三种遍历的大体流程是不一样的，主要的区别在于控制何时visit。

中序遍历:

vector<int> inorderTraversal(TreeNode* root) {
    if(!root) return {};
    vector<int> ans;
    stack<TreeNode*> s;
    TreeNode *curr = root;
    while(curr || !s.empty()) {
        // Reach the left deep
        while(curr) {
            s.push(curr);
            curr = curr->left;
        }
        // Backtrack from the empty subtree and visit the node at the top of the stack; 
        // however, if the stack is empty you are done
        curr = s.top(); s.pop();
        ans.push_back(curr->val); // visit
        // We have visited the node and its left subtree.
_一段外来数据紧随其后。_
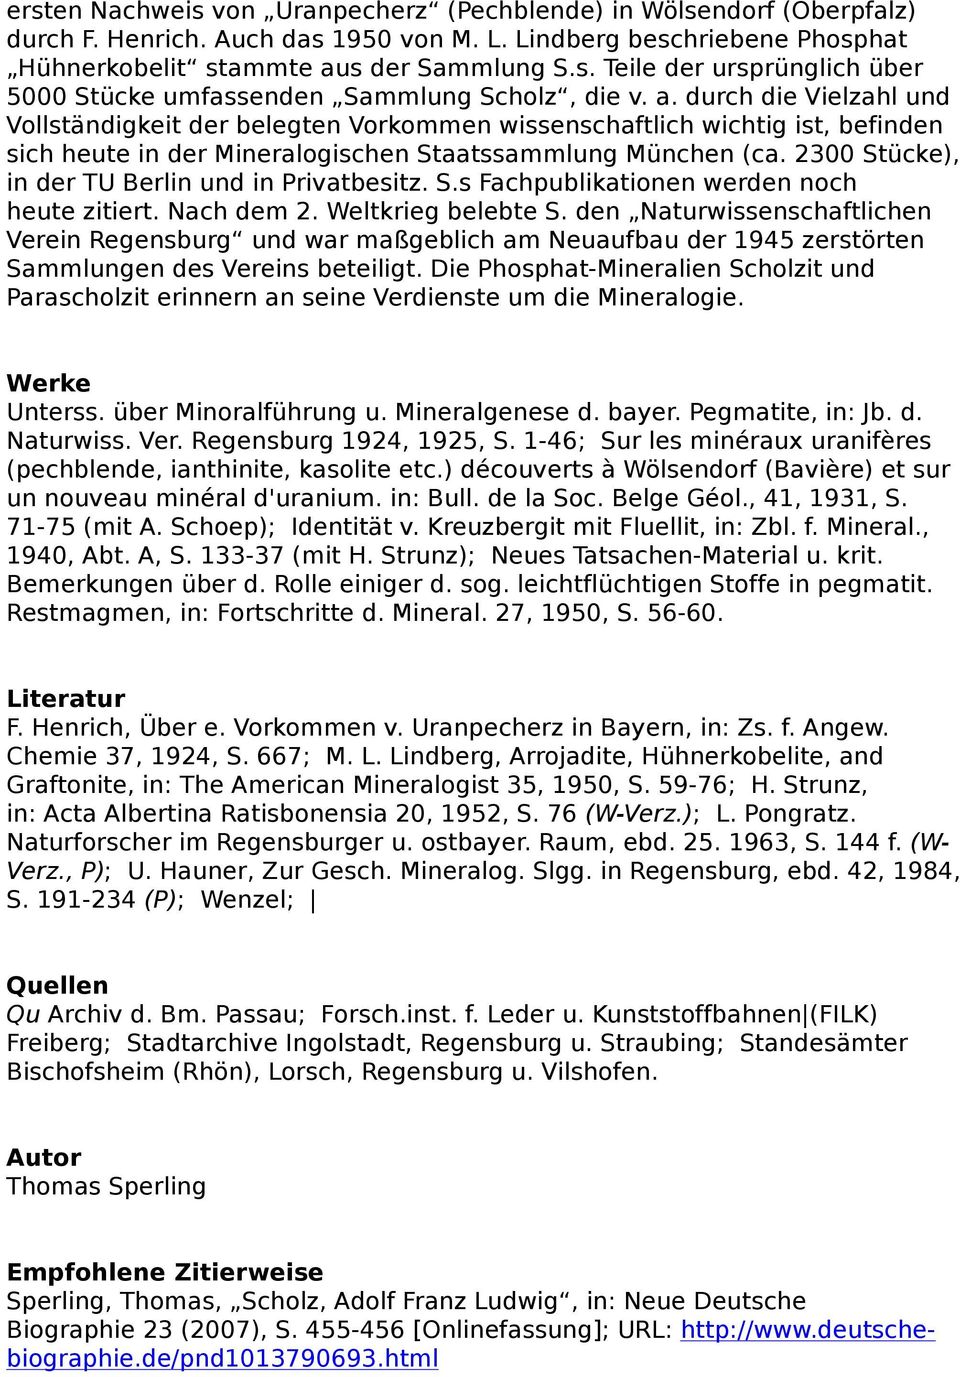 2300 Stücke), in der TU Berlin und in Privatbesitz. S.s Fachpublikationen werden noch heute zitiert. Nach dem 2. Weltkrieg belebte S.

Now, its right subtree's turn
        curr = curr->right;
    }
    return ans;
}

前序遍历：

vector<int> preorderTraversal(TreeNode* root) {
    if(!root) return {};
    vector<int> ans;
    stack<TreeNode*> s;
    TreeNode *curr = root;
    while(curr || !s.empty()) {
        // Reach the left deep
        while(curr) {
            ans.push_back(curr->val); // visit
            s.push(curr);
            curr = curr->left;
        }
        // Backtrack from the empty subtree and visit the node at the top of the stack; 
        // however, if the stack is empty you are done
        curr = s.top(); s.pop();
        // We have visited the node and its left subtree. Now, its right subtree's turn
        curr = curr->right;
    }
    return ans;
}

与中序的差别仅仅是访问的时机改到了Reach the left deep循环中，让左子树入栈前就可以先访问当前节点了。

后序遍历：

vector<int> postorderTraversal(TreeNode* root) {
    if(!root) return {};
    vector<int> ans;
    stack<TreeNode*> s;
    TreeNode *curr = root;
    TreeNode *lastvisited = nullptr;
    while(curr || !s.empty()) {
        // Reach the left deep
        while(curr) {
            s.push(curr);
            curr = curr->left;
        }
        // Backtrack from the empty subtree and visit the node at the top of the stack; 
        // however, if the stack is empty you are done
        curr = s.top(); // 不能在这弹出，要等到访问完右子树第二次经过父节点

        if(!curr->right || lastvisited == curr->right) {
            // 刚刚已经访问过右子树（根据lastvisited标记）或者没有右子树（所以没法产生lastvisited标记），现在访问当前节点（这是第二次经过）
            ans.push_back(curr->val);
            s.pop();
            lastvisited = curr;
            curr = nullptr; //  置为空，以便继续弹出父节点
        } else {
            // 右子树还没访问过，转向右子树
            curr = curr->right;
        }
    }
    return ans;
}

主要区别在于，由于是需要全部子树访问完再，所以对于同一个节点会经过两次，
第一次经过只是取出其右子树，
第二次从其右子树返回到当前节点才是应该访问的时机，

我们需要借助lastvisited判断当前是否是从其右子树返回的第二次经过，并在此时visit和pop。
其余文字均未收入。